UX Research

UX user testing: observe to design better.

Whether in Brussels or Wallonia, I support Belgian and European companies and organisations with structured testing sessions, remote or in person, to produce learnings that are actionable the very next day.

UX user testing session in progress
Introduction

Why run user tests?

User testing confronts an interface with reality: real people are placed in front of concrete tasks and we observe how they cope. The goal is not to validate, but to discover.

  • Identify friction points before they reach production.
  • Understand users' mental models and adjust design choices.
  • Prioritise fixes based on real behaviour, not internal opinions.
When to test?

Useful tests to improve the user experience.

You don't wait until everything is built to test. Whether on web, mobile, SaaS applications or software, depending on the project's maturity, sessions can focus on the existing product, on mockups or on a developed version.

On the existing product

Test the live site or application to reveal real friction points, misunderstandings and failing journeys before any redesign or evolution.

On wireframes

Validate UX decisions from the design phase, before any development. Testing on mockups allows early fixes, where changes cost the least.

After development

Check that a new application or update meets user expectations before or after a deployment. A final validation before going further.

Method

A structured approach and an essential step to optimise a user journey.
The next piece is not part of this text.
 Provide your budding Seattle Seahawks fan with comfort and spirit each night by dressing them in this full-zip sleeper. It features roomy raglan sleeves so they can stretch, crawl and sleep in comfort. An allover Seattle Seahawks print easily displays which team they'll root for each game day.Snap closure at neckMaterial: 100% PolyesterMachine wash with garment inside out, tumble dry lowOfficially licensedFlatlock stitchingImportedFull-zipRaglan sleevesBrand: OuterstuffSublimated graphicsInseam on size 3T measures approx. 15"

Each user test follows a multi-step process, adapted to the client's context: what we want to learn, who we test and under what conditions. In short, usability testing is an essential step to optimise the user journey.

1

Framing

Discussion with the client to identify what they want to test: a specific journey, a new component, a redesign or a feature to validate.

2

Test scenarios

Writing realistic tasks for participants to complete, without guiding them. Scenarios frame the session without influencing behaviour.

3

Recruitment

The client provides a list of participants or recruitment is handled: profile definition, selection criteria and session scheduling.

4

Sessions

Sessions take place remotely or in person depending on the context, with a moderator and, if needed, a separate observer to take notes.

5

Analysis

Synthesis of observations, grouping of recurring behaviours, identification of friction points and qualification of their impact on the experience.

6

Report and recommendations

Final deliverable with key observations, representative quotes, prioritised problems and concrete correction paths for the design and product teams.

Formats

Remote or in person depending on the context.
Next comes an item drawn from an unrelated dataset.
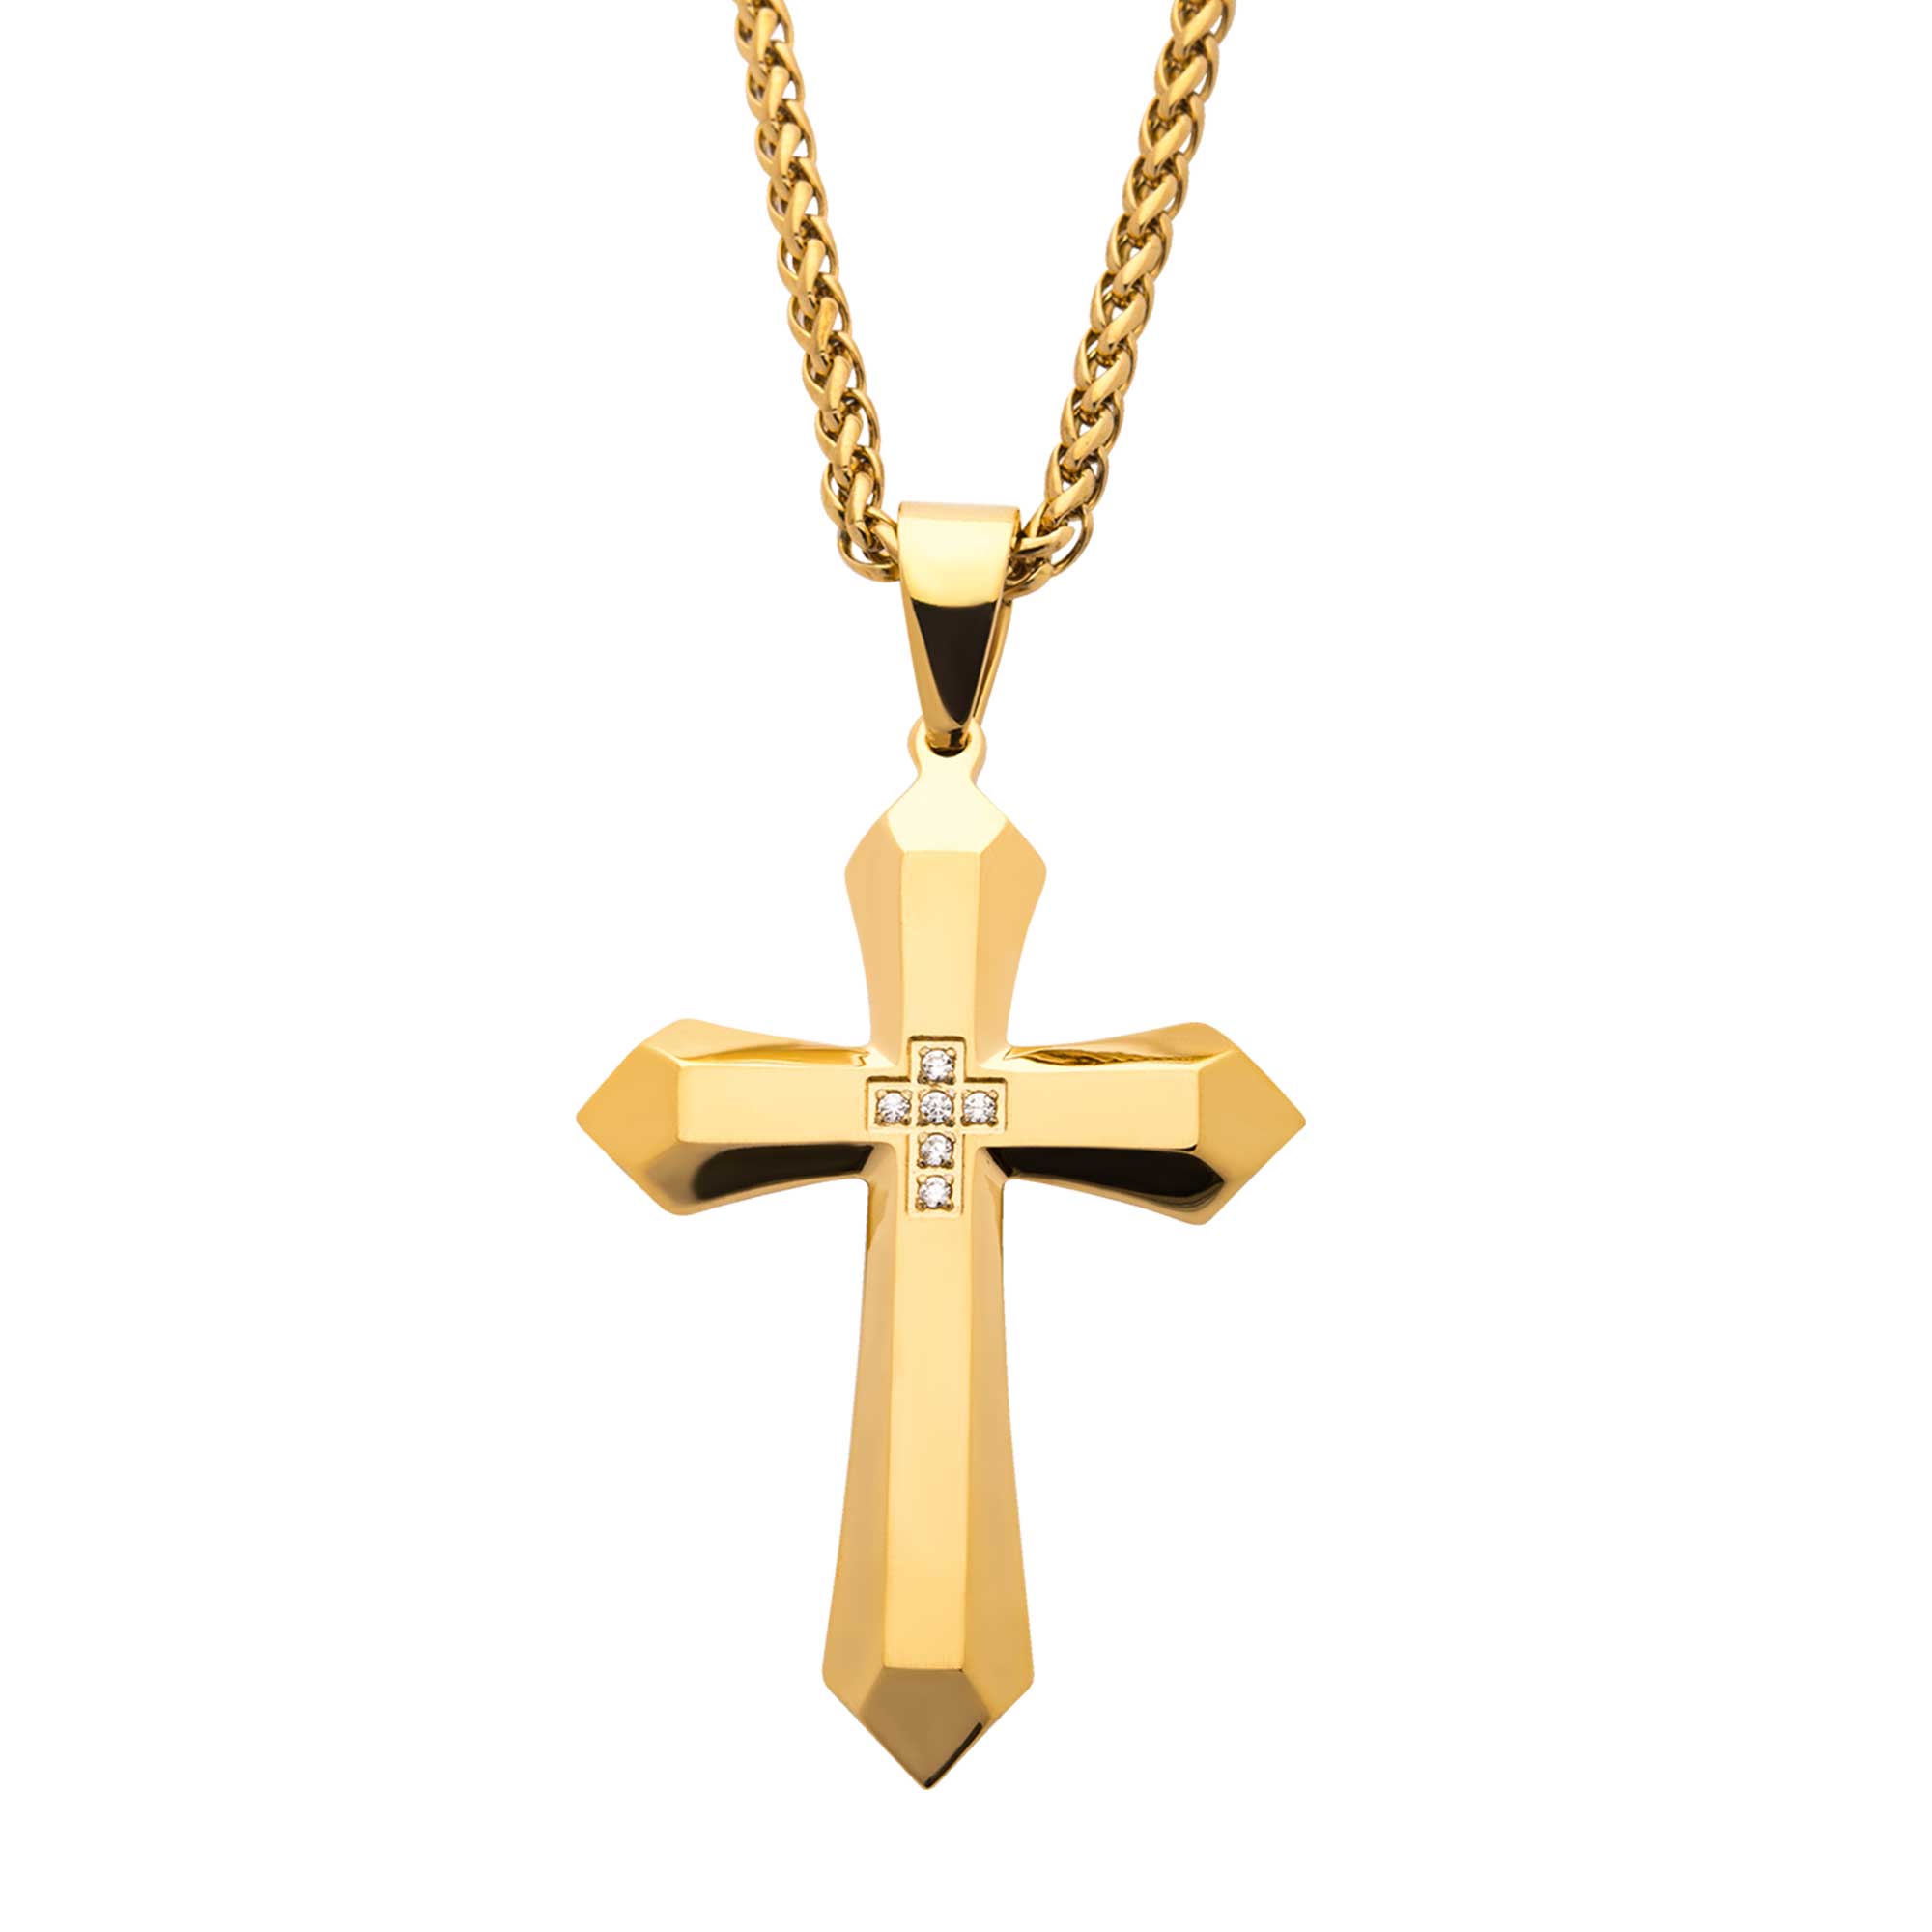 Gold Plated Cross with 6pcs CNC Prong Set Clear CZ Pendant with Gold Plated Wheat Chain P.K. Bennett Jewelers Mundelein, IL

The two formats are complementary. The choice depends on the target audience, budget, participant availability and the type of interface to test.

Remote testing

Sessions via a video conferencing tool with screen sharing. Allows recruiting geographically dispersed profiles and quickly testing with a larger number of participants.

In-person testing

Face-to-face sessions in Brussels or Wallonia, ideal for observing physical behaviour, non-verbal reactions and specific usage contexts such as kiosks, shared devices or constrained environments.

Adapted format

Each session is calibrated to the scope: Figma prototype, HTML mockup, production application or a combination depending on what the client wants to evaluate.

Deliverable

A report to decide what to fix first.

The user testing report gathers observations by task, significant quotes, identified problems and their frequency, as well as concrete recommendations prioritised by impact. It serves as a working basis for the design and product team.

PDF

Session synthesis, prioritised problems, quotes and actionable recommendations.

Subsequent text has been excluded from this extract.